___ Records for processing ___
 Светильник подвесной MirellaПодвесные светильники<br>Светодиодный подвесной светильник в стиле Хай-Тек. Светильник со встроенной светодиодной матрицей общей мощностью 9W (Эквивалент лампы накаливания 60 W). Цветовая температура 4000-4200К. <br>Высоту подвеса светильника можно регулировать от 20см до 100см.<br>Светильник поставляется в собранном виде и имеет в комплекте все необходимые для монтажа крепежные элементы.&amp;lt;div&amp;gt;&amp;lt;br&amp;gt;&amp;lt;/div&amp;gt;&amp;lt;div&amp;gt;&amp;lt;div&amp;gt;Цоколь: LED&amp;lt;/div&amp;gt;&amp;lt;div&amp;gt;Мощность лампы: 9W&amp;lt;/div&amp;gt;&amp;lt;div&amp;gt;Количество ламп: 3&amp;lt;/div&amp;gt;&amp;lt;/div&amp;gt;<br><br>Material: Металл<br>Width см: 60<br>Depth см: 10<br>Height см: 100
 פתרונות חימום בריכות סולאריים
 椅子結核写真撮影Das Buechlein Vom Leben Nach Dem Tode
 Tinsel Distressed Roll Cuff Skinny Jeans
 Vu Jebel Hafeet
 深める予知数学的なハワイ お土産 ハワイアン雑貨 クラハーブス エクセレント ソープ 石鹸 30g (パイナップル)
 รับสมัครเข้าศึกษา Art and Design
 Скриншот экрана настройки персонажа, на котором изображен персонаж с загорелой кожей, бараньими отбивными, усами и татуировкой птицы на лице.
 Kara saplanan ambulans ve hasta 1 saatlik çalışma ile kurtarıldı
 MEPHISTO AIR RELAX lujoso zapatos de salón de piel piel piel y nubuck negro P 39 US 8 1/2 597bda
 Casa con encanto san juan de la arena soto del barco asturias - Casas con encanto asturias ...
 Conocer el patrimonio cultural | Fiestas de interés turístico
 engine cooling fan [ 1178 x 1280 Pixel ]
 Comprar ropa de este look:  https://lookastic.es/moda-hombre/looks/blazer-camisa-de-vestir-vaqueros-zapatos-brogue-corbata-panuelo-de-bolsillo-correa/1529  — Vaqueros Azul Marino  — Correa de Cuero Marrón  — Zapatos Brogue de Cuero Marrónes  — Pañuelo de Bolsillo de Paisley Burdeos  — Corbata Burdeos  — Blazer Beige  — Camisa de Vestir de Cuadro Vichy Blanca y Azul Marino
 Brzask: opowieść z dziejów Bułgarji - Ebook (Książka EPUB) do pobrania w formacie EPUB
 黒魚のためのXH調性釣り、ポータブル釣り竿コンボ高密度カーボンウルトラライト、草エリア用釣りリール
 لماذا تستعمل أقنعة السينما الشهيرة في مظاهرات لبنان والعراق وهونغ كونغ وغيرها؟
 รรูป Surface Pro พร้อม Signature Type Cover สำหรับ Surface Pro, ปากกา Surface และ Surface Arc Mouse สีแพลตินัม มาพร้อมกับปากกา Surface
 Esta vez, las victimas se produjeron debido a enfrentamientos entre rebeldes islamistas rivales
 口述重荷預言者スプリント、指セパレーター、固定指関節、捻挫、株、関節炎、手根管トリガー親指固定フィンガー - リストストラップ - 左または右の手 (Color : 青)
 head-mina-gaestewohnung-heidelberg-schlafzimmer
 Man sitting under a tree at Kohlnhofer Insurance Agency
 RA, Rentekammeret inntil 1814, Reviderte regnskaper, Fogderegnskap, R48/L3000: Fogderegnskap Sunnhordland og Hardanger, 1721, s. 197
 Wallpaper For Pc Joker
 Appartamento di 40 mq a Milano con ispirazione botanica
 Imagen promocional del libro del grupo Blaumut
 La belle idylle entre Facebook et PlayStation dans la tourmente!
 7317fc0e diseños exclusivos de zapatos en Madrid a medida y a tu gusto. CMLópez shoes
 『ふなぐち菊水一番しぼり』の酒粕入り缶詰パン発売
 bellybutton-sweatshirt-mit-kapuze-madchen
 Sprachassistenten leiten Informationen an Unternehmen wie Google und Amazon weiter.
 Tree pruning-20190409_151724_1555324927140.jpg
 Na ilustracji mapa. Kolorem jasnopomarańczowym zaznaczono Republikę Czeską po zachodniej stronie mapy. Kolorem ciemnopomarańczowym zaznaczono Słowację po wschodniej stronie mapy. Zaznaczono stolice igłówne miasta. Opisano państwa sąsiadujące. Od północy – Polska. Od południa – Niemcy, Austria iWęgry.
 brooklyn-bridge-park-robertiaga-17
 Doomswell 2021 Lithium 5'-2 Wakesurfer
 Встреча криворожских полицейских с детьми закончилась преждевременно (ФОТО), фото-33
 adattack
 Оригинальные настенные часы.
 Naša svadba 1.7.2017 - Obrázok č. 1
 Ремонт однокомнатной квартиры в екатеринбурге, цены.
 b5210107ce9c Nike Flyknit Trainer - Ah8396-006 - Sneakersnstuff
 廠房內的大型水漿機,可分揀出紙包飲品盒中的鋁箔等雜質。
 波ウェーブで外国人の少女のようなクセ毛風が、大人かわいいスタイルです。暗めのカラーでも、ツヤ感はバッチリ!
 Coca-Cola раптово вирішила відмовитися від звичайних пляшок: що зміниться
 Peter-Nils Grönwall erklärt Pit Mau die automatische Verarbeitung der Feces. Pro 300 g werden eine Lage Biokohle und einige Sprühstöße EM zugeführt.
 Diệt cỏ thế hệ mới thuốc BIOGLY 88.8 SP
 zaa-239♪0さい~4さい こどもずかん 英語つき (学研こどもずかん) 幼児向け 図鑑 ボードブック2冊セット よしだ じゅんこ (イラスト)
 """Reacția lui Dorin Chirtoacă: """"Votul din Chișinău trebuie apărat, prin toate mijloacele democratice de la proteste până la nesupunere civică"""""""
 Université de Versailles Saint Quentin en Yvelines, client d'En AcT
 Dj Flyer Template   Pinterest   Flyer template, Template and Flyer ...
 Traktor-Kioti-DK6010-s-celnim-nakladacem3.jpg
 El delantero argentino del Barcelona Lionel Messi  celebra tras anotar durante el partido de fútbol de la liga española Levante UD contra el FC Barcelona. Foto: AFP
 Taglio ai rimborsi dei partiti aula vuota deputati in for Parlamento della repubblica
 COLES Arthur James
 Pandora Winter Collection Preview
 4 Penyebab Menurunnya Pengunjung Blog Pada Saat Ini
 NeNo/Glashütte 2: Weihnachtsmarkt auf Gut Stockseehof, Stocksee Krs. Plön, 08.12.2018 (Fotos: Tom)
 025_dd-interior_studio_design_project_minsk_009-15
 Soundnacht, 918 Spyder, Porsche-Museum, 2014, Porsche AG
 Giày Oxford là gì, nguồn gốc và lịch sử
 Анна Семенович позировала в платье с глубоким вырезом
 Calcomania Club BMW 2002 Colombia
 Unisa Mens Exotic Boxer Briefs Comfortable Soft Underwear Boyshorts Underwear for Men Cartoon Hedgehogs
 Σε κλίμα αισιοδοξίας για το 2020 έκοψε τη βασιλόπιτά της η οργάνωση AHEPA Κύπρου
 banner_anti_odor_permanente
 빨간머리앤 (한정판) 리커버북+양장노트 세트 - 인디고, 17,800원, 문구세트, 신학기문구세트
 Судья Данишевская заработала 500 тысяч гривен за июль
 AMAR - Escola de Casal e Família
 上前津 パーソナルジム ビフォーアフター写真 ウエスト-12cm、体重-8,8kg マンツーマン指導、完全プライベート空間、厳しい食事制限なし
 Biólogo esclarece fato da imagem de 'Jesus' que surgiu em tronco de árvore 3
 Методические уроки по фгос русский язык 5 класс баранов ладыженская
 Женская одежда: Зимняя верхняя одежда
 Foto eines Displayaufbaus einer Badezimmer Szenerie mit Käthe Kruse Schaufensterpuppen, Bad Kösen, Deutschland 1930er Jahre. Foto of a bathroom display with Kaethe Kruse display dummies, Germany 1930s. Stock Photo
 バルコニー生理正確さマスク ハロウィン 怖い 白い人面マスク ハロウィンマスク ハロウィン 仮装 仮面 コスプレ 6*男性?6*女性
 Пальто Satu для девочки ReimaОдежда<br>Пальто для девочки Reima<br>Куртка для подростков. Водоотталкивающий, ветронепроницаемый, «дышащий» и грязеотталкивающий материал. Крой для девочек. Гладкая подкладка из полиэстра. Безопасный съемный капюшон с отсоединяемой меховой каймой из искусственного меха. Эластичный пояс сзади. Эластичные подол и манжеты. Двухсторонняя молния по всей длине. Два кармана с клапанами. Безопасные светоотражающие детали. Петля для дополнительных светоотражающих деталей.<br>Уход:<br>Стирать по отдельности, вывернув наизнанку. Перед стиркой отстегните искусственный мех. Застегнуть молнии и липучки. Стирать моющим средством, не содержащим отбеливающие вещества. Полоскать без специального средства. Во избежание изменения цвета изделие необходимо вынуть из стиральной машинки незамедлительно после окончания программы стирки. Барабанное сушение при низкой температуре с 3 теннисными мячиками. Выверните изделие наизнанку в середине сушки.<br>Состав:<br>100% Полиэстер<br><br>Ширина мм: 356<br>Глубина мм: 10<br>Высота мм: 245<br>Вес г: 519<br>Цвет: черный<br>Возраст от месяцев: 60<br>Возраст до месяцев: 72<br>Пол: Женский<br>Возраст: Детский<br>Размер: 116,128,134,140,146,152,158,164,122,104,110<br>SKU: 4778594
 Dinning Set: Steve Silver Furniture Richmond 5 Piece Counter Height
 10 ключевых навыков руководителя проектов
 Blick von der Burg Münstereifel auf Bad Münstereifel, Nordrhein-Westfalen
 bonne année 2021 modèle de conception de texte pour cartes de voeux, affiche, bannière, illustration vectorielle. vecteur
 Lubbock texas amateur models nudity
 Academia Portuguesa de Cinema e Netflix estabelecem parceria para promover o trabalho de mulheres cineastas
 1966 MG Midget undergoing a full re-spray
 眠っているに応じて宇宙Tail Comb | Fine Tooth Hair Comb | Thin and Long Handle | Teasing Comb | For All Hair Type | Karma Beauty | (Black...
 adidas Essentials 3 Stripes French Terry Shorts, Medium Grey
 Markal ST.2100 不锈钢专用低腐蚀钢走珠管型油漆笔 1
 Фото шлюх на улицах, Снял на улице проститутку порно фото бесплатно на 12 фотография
___
**Task directions**
Your reply must contain exactly the lines from the first line of the data through the line holding "Скриншот экрана настройки", and nothing more.

**Task response**
 Светильник подвесной MirellaПодвесные светильники<br>Светодиодный подвесной светильник в стиле Хай-Тек. Светильник со встроенной светодиодной матрицей общей мощностью 9W (Эквивалент лампы накаливания 60 W). Цветовая температура 4000-4200К. <br>Высоту подвеса светильника можно регулировать от 20см до 100см.<br>Светильник поставляется в собранном виде и имеет в комплекте все необходимые для монтажа крепежные элементы.&amp;lt;div&amp;gt;&amp;lt;br&amp;gt;&amp;lt;/div&amp;gt;&amp;lt;div&amp;gt;&amp;lt;div&amp;gt;Цоколь: LED&amp;lt;/div&amp;gt;&amp;lt;div&amp;gt;Мощность лампы: 9W&amp;lt;/div&amp;gt;&amp;lt;div&amp;gt;Количество ламп: 3&amp;lt;/div&amp;gt;&amp;lt;/div&amp;gt;<br><br>Material: Металл<br>Width см: 60<br>Depth см: 10<br>Height см: 100
 פתרונות חימום בריכות סולאריים
 椅子結核写真撮影Das Buechlein Vom Leben Nach Dem Tode
 Tinsel Distressed Roll Cuff Skinny Jeans
 Vu Jebel Hafeet
 深める予知数学的なハワイ お土産 ハワイアン雑貨 クラハーブス エクセレント ソープ 石鹸 30g (パイナップル)
 รับสมัครเข้าศึกษา Art and Design
 Скриншот экрана настройки персонажа, на котором изображен персонаж с загорелой кожей, бараньими отбивными, усами и татуировкой птицы на лице.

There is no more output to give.